**** PROVIDED DATA ****

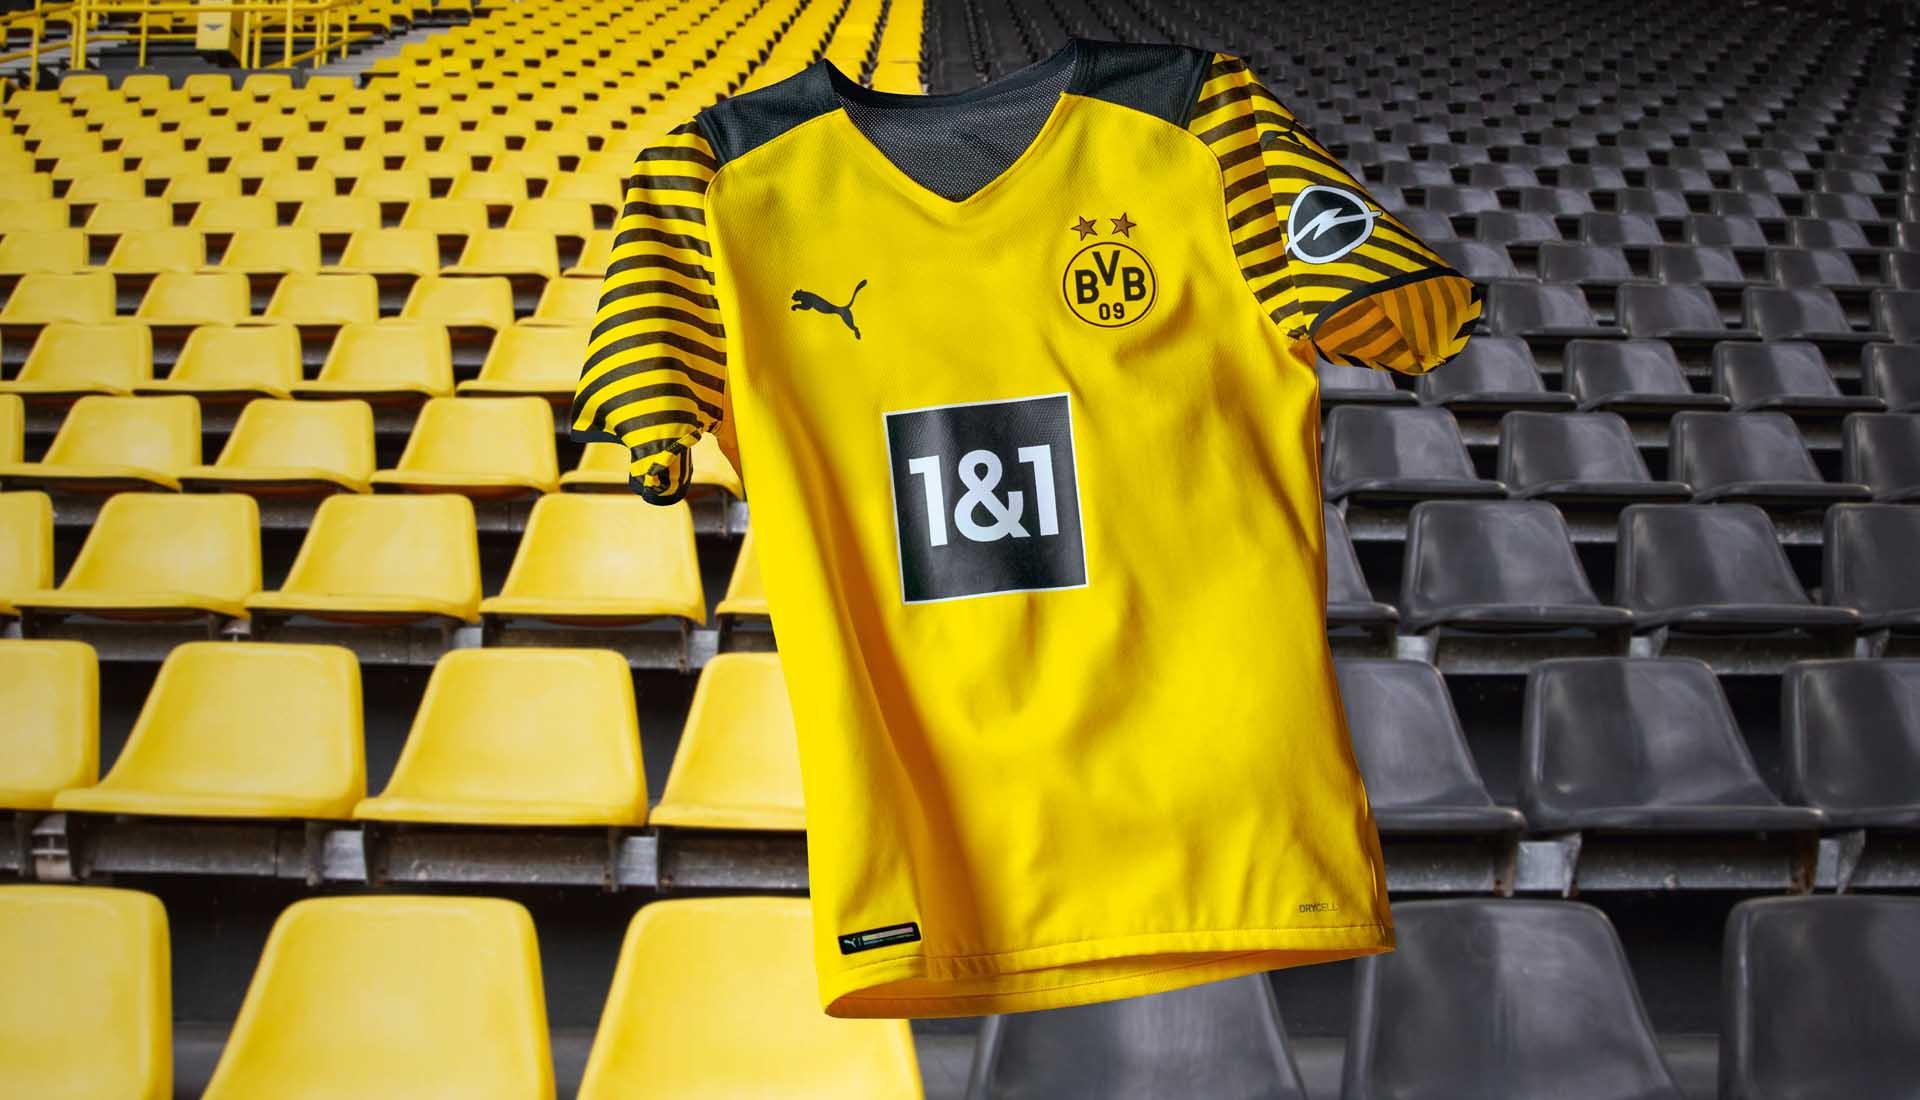 PUMA Launch Borussia Dortmund 21/22 Home Shirt - SoccerBible
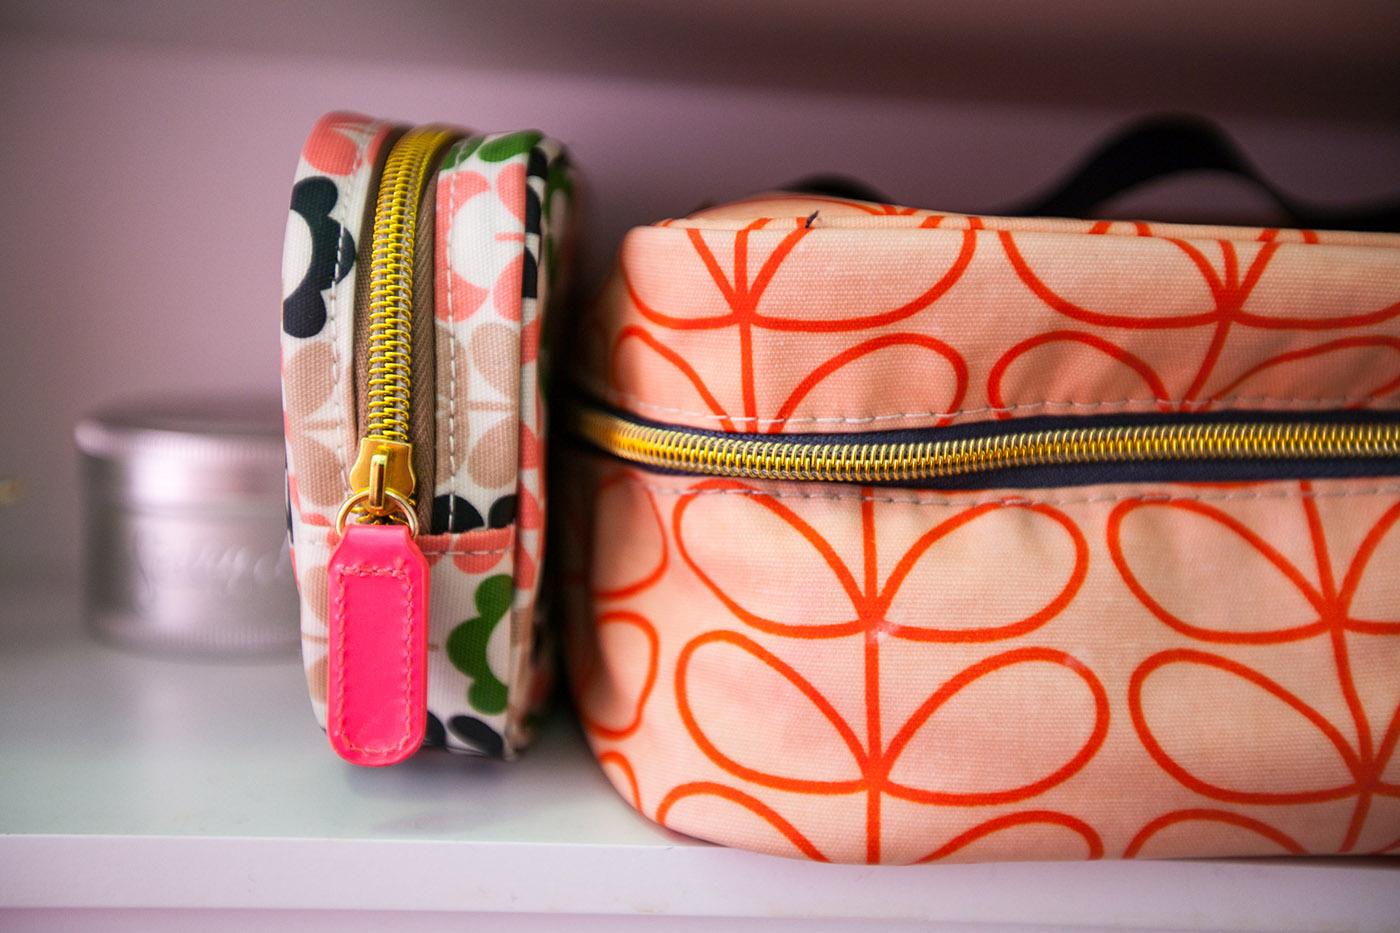 Pink Orla Kiely cosmetic bags - Pretty in Pink Bathroom
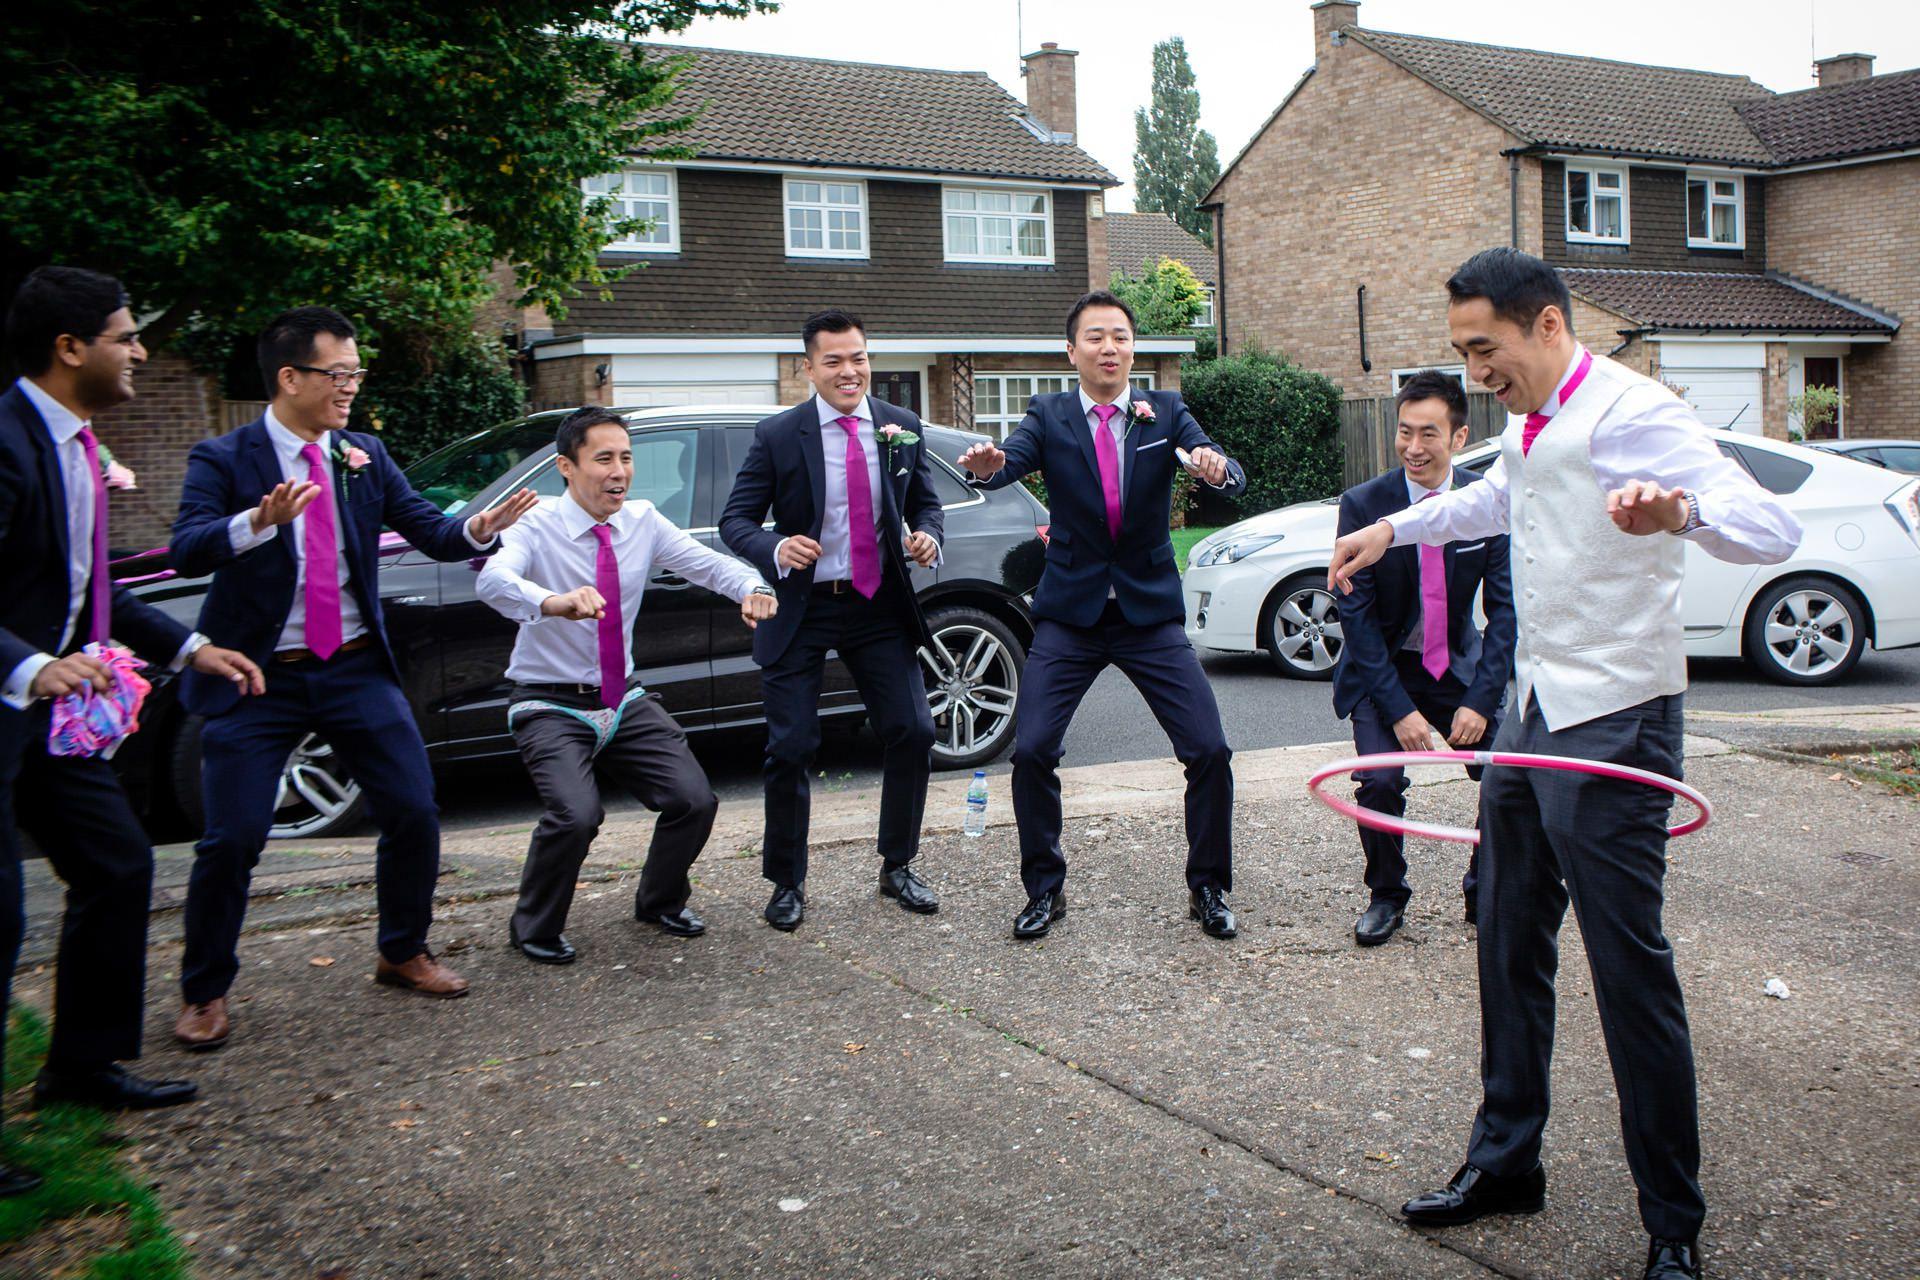 Chinese Wedding photo of groom and groomsmen games
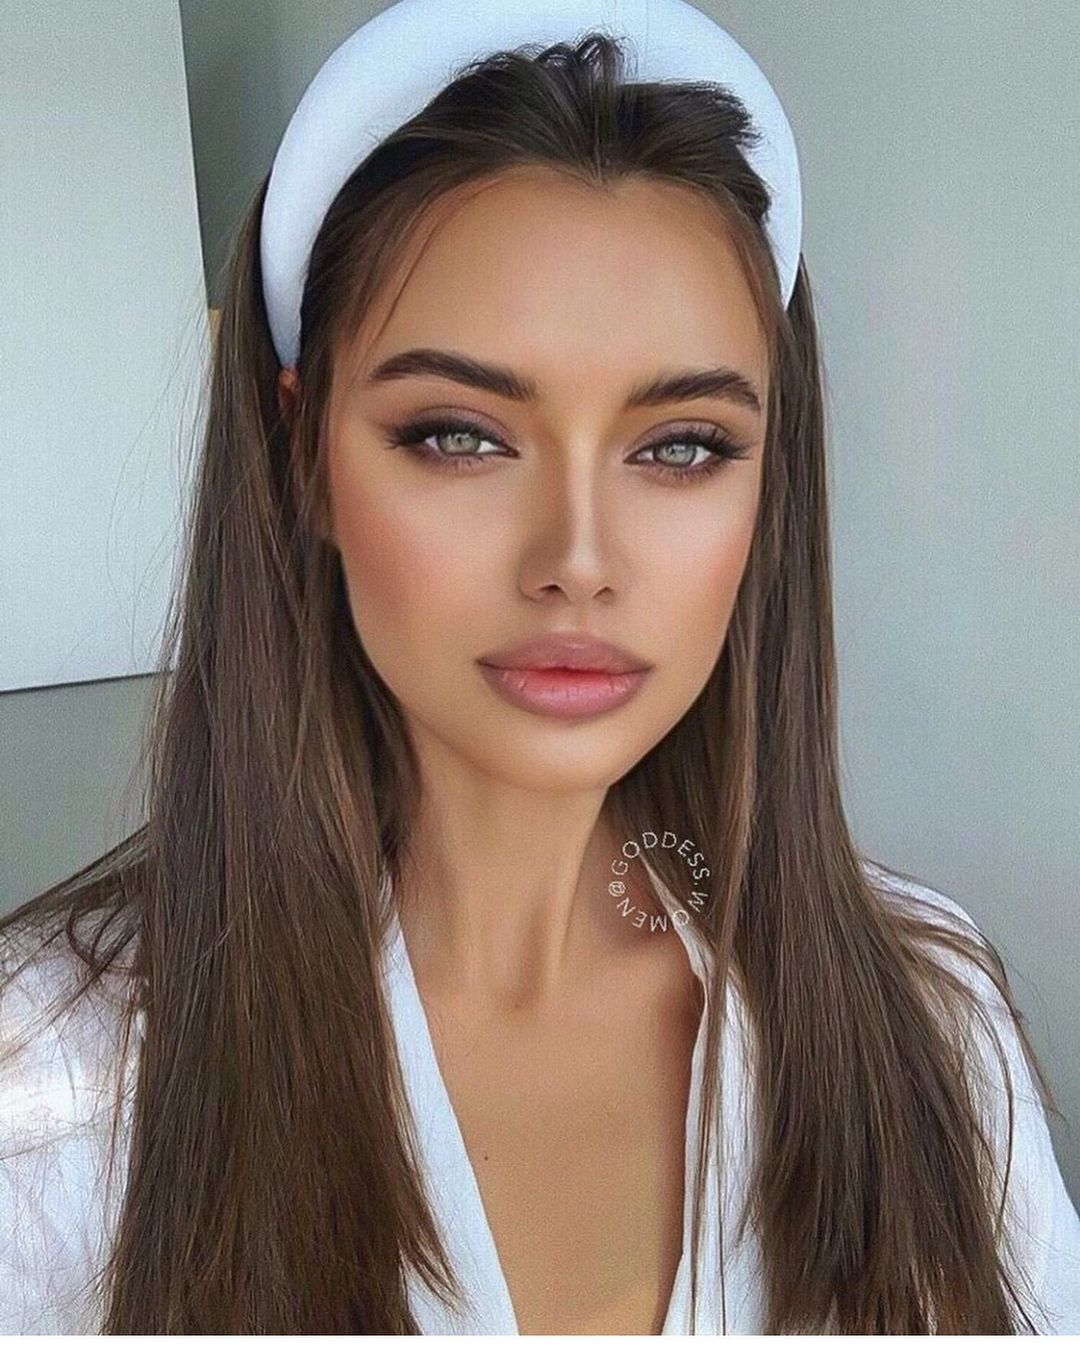 Ukraine Stylish Girl DP

****

- _WORK INSTRUCTION_
The required response consists solely of the lines from the line containing "Chinese Wedding photo" through the end of the listing, both ends included, copied exactly without pictures.

- _ANSWER SPACE_
 Chinese Wedding photo of groom and groomsmen games
 Ukraine Stylish Girl DP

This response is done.